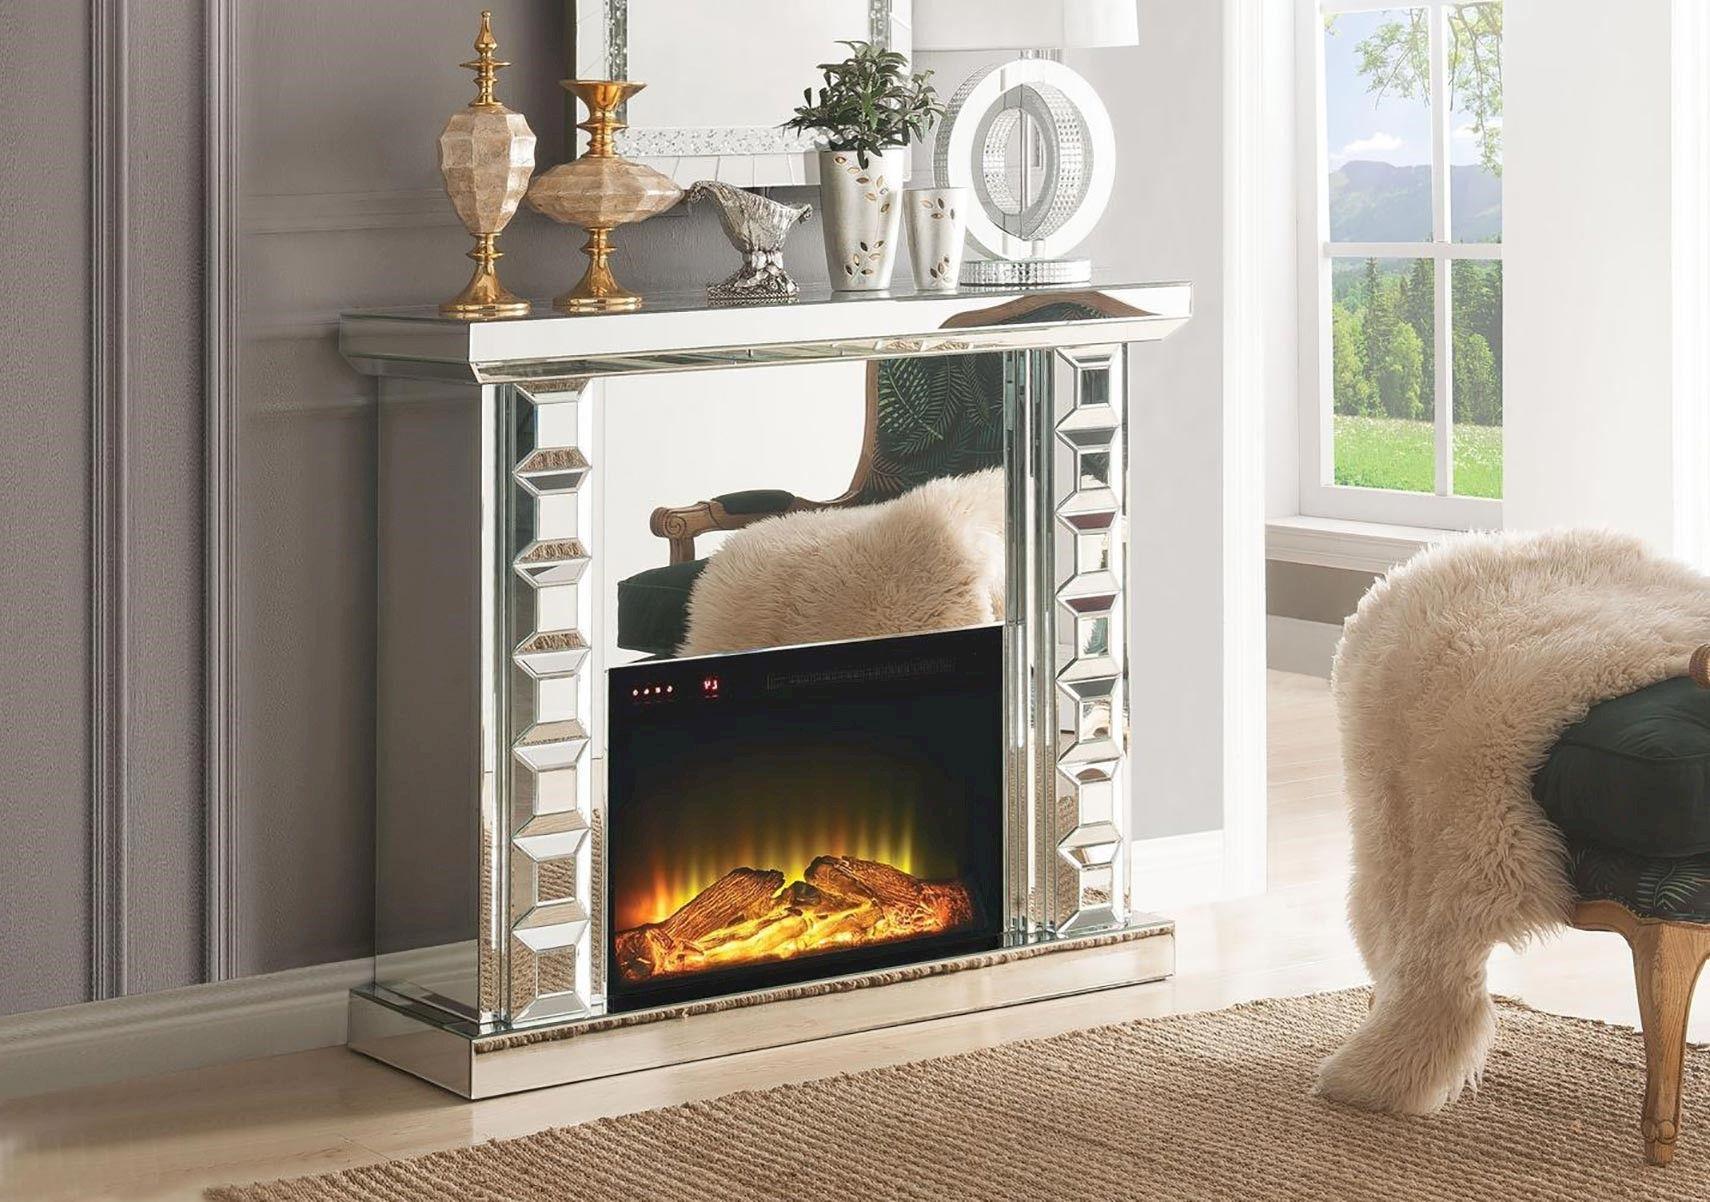 Lacks Dominic Mirrored Fireplace Acme Furniture Twin Bedroom
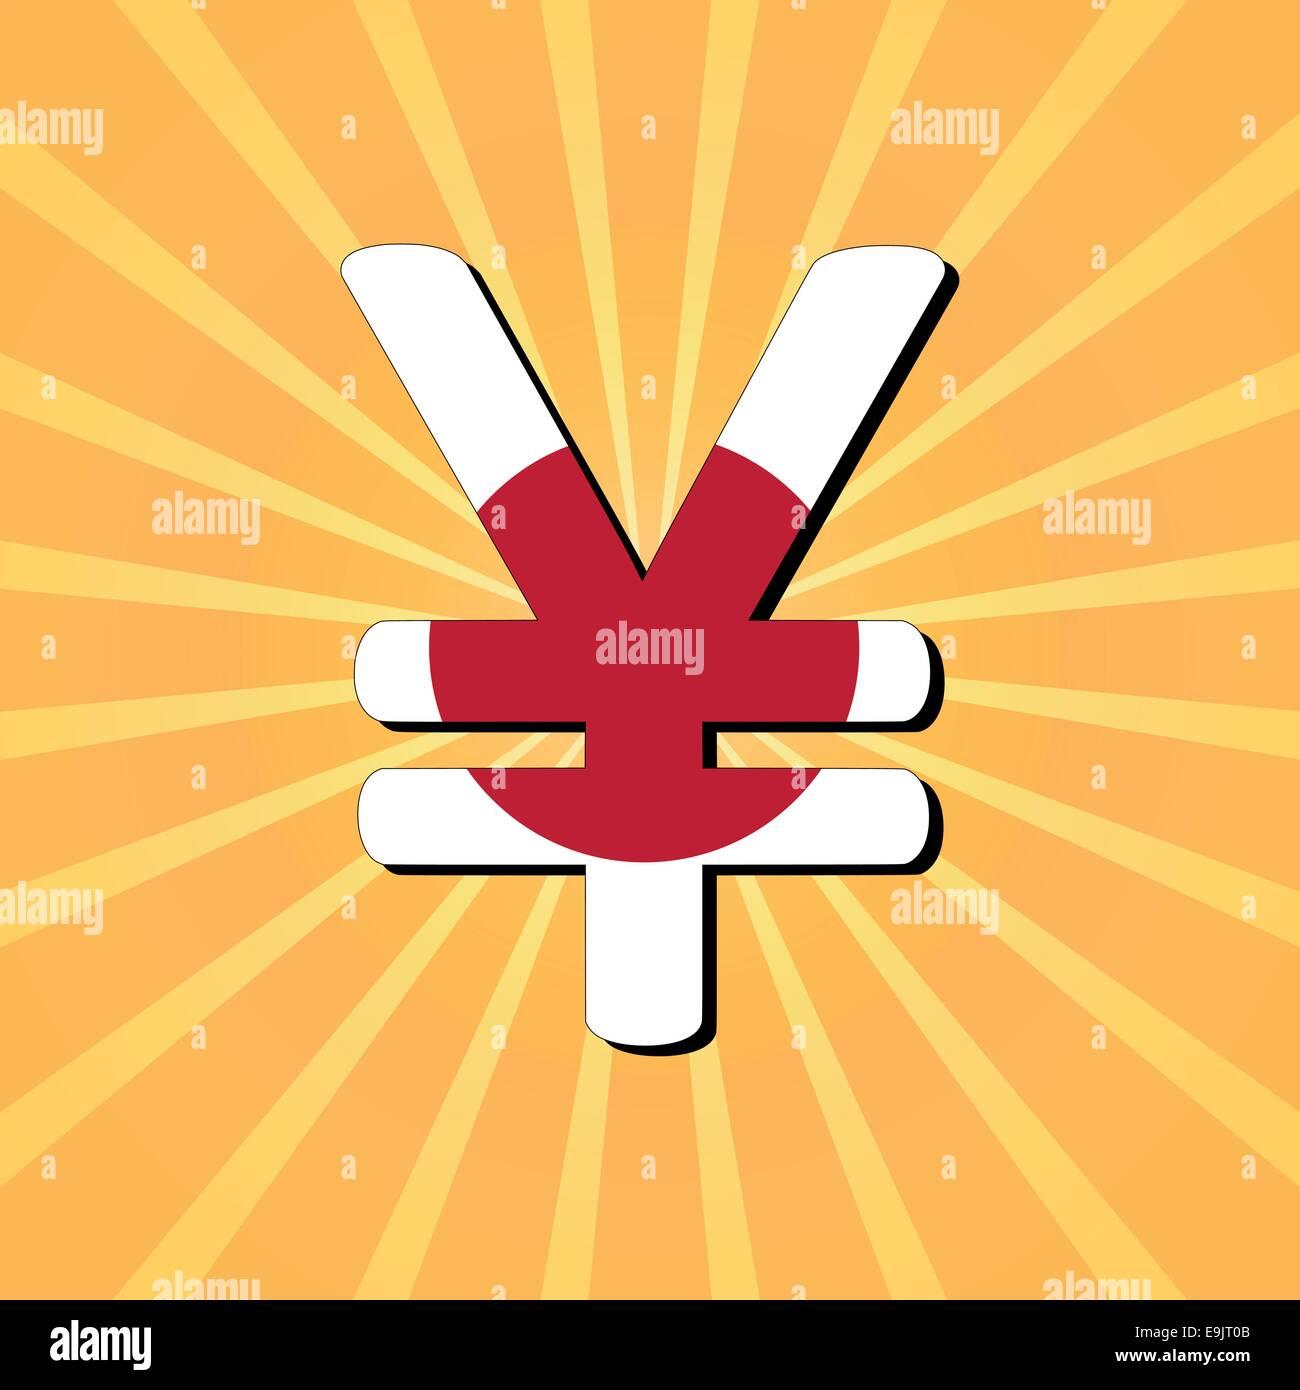 Japanese yen symbol on sunburst illustration stock vector art japanese yen symbol on sunburst illustration biocorpaavc Choice Image
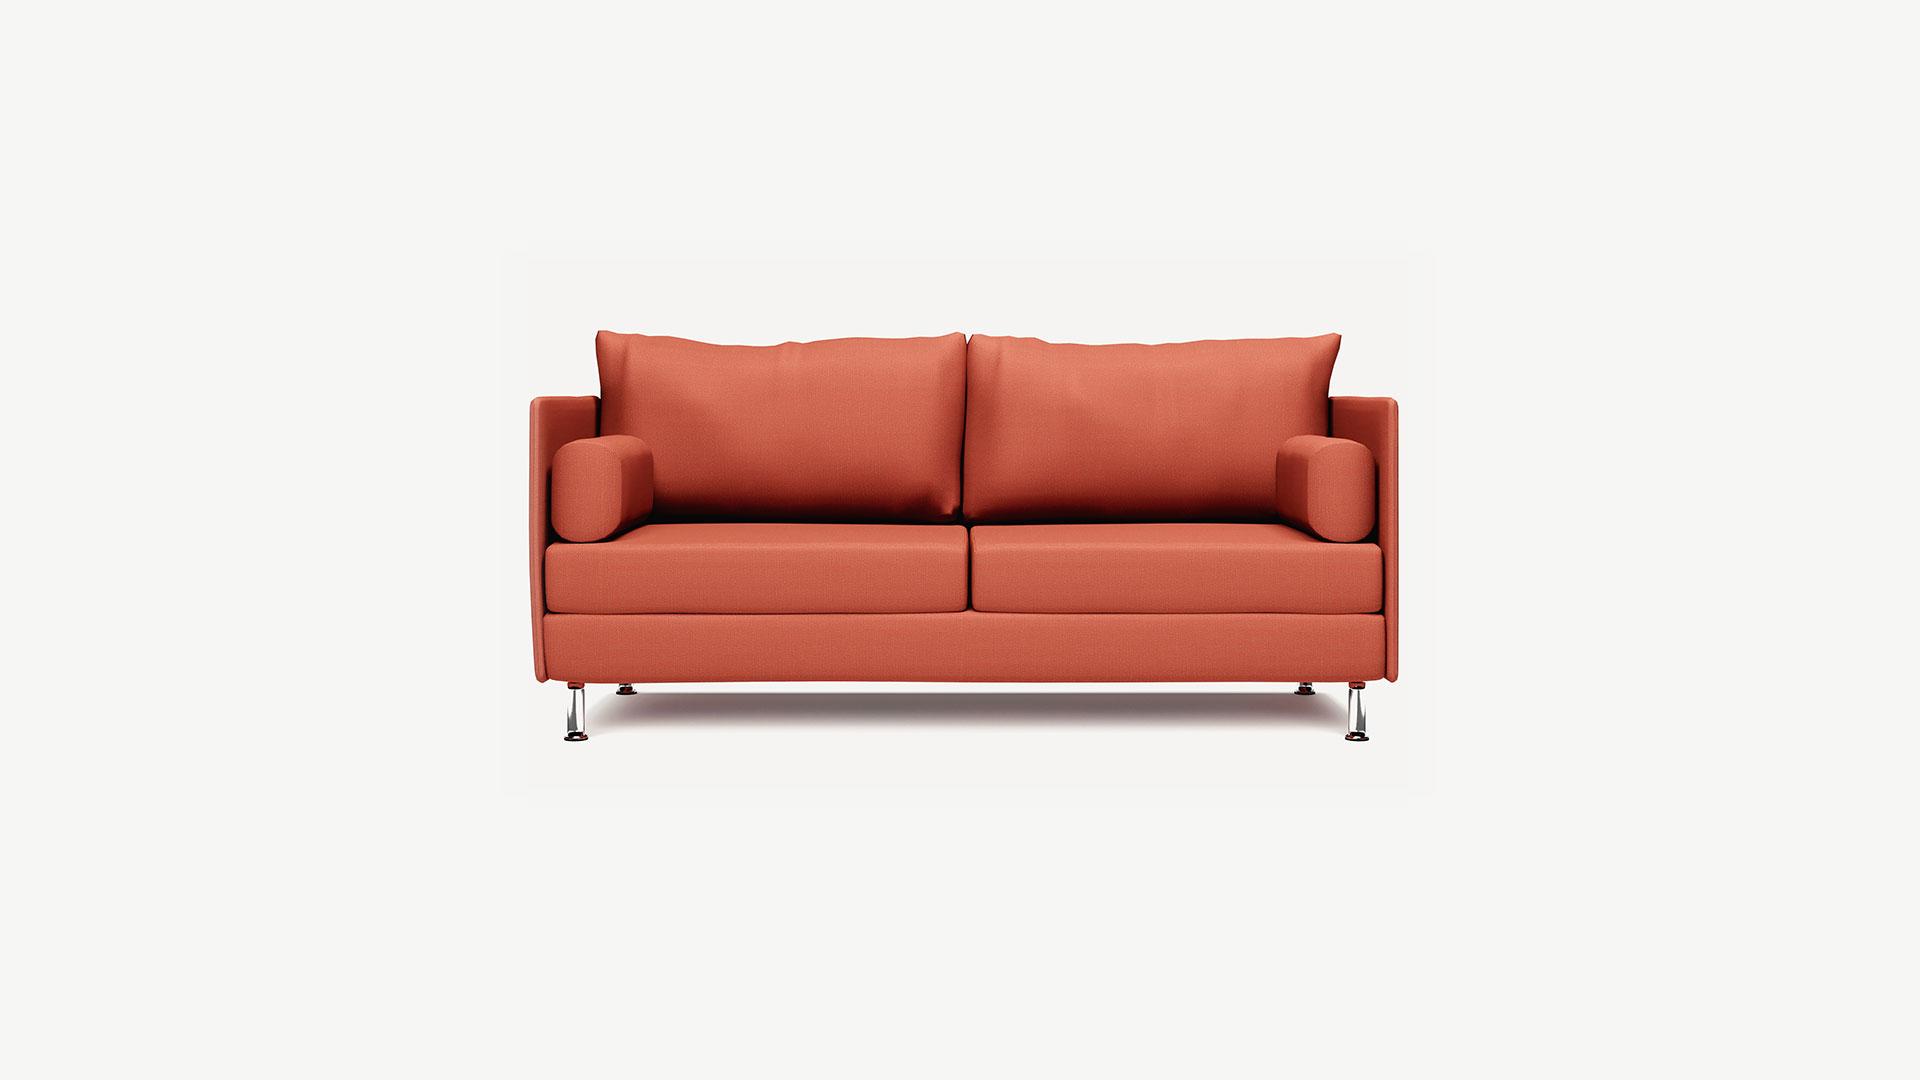 Sofa Atelier 2-Sitzer - DAUPHIN

What the task asks
Repeat the data in full and exactly. Omit pictures.

Solution for this exercise
 Lacks Dominic Mirrored Fireplace Acme Furniture Twin Bedroom
 Japanese yen symbol on sunburst illustration stock vector art japanese yen symbol on sunburst illustration biocorpaavc Choice Image
 Sofa Atelier 2-Sitzer - DAUPHIN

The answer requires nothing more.